При этом, естественно, в каждом обществе использовались и материя, и энергия, и информация, но роль секторов была различна. В докапиталистическом обществе люди использовали естественные, или как теперь принято называть, возобновляемые источники энергии, и за их счет производили продукт, прежде всего, в сельском хозяйстве и обработке металла, дерева, глины и т.п. Капитализм стал возможен не из-за того, что предприниматель стал эксплуатировать рабочую силу, а потому, что появился сначала паровой, а затем и бензиновый двигатели. Альфа и омега капитализма – это углеводородная энергетика. Резко возросший энергетический потенциал сделал возможным реализацию многих изобретений и, как следствие, машинное производство и заводская форма организации. Вот когда появилось машинное производство, сформировалась и нужда в наемных работниках, а соответственно на повестку дня встал капитализм.

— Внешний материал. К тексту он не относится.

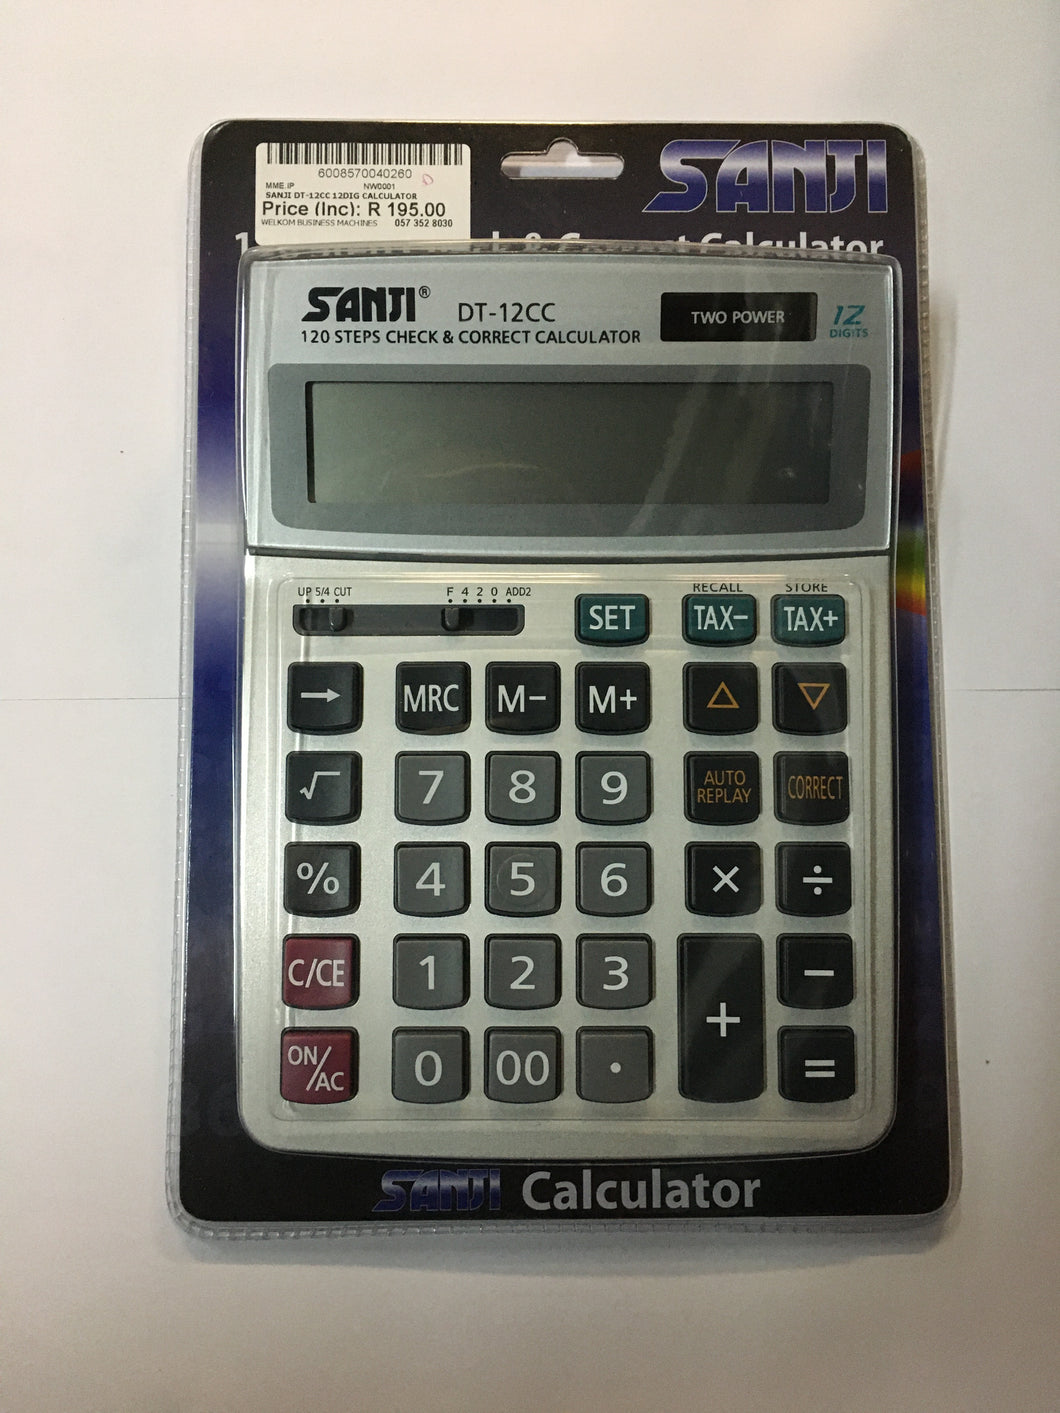 Sanji DT-12cc 12 digit calculator

Социализм – новый строй, по мнению Ю. Шейнина, мог проявиться в полном объёме не тогда, когда появятся новые средства поиска, обработки и хранения информации (это – необходимое условие), а когда возникнет новая, более мощная и эффективная по сравнению с капитализмом энергетика и на ее основе роботизация (достаточное условие). Строй, базирующийся на принципиально новой энергетике, роботизации и эффективном прогнозировании и управлении на основе информации, собственно и станет реальным коммунизмом, где все будет делаться на благо человека и, наконец, найдет реализацию принцип справедливости.

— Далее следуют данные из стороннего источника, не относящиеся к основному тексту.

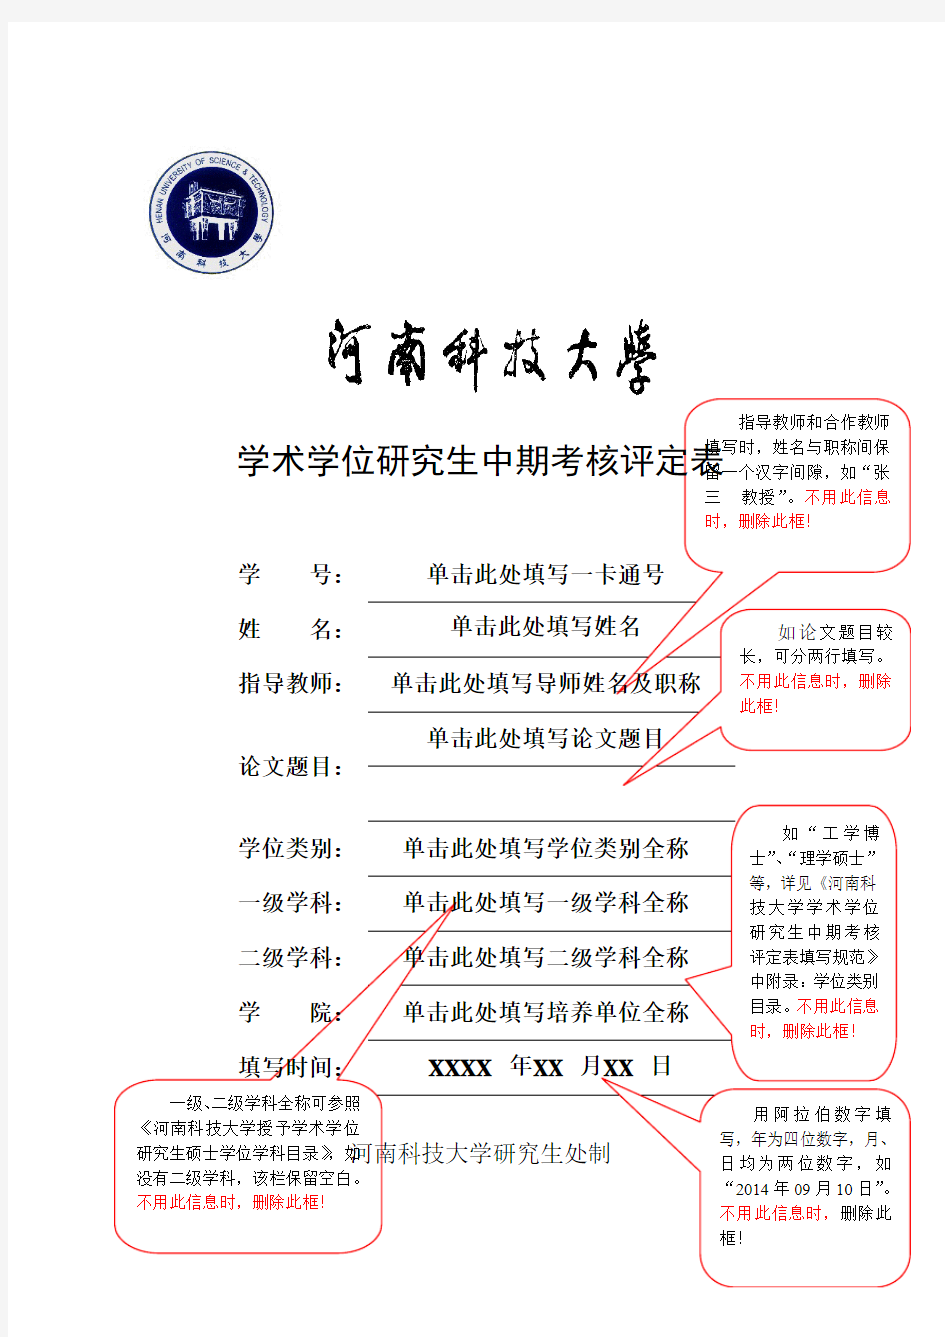 河南科技大学学术学位研究生中期考核评定表与填写规范

Самое удивительное, что на рубеже 60-70-х годов прошлого века начатки принципиально новой энергетики уже имелись. Это – и подкритическая ядерная энергетика на ускорителях, и ядерные релятивистские технологии, и много чего другого, еще более удивительного. Также мало кто сегодня знает, что в последние годы в СССР были готовы к запуску в производство универсальные роботизированные линии, которые тогда назывались автоматическими роторными линиями, созданные Генеральным конструктором Л.Н. Кошкиным.
Однако этого не случилось. В силу вполне определенных процессов и событий, имевших место в 1967-1968 гг. в СССР и США, восходящая динамика общественного развития, ярко проявившаяся с середины XVIII века, сменилась нисходящей, деструктивной фазой.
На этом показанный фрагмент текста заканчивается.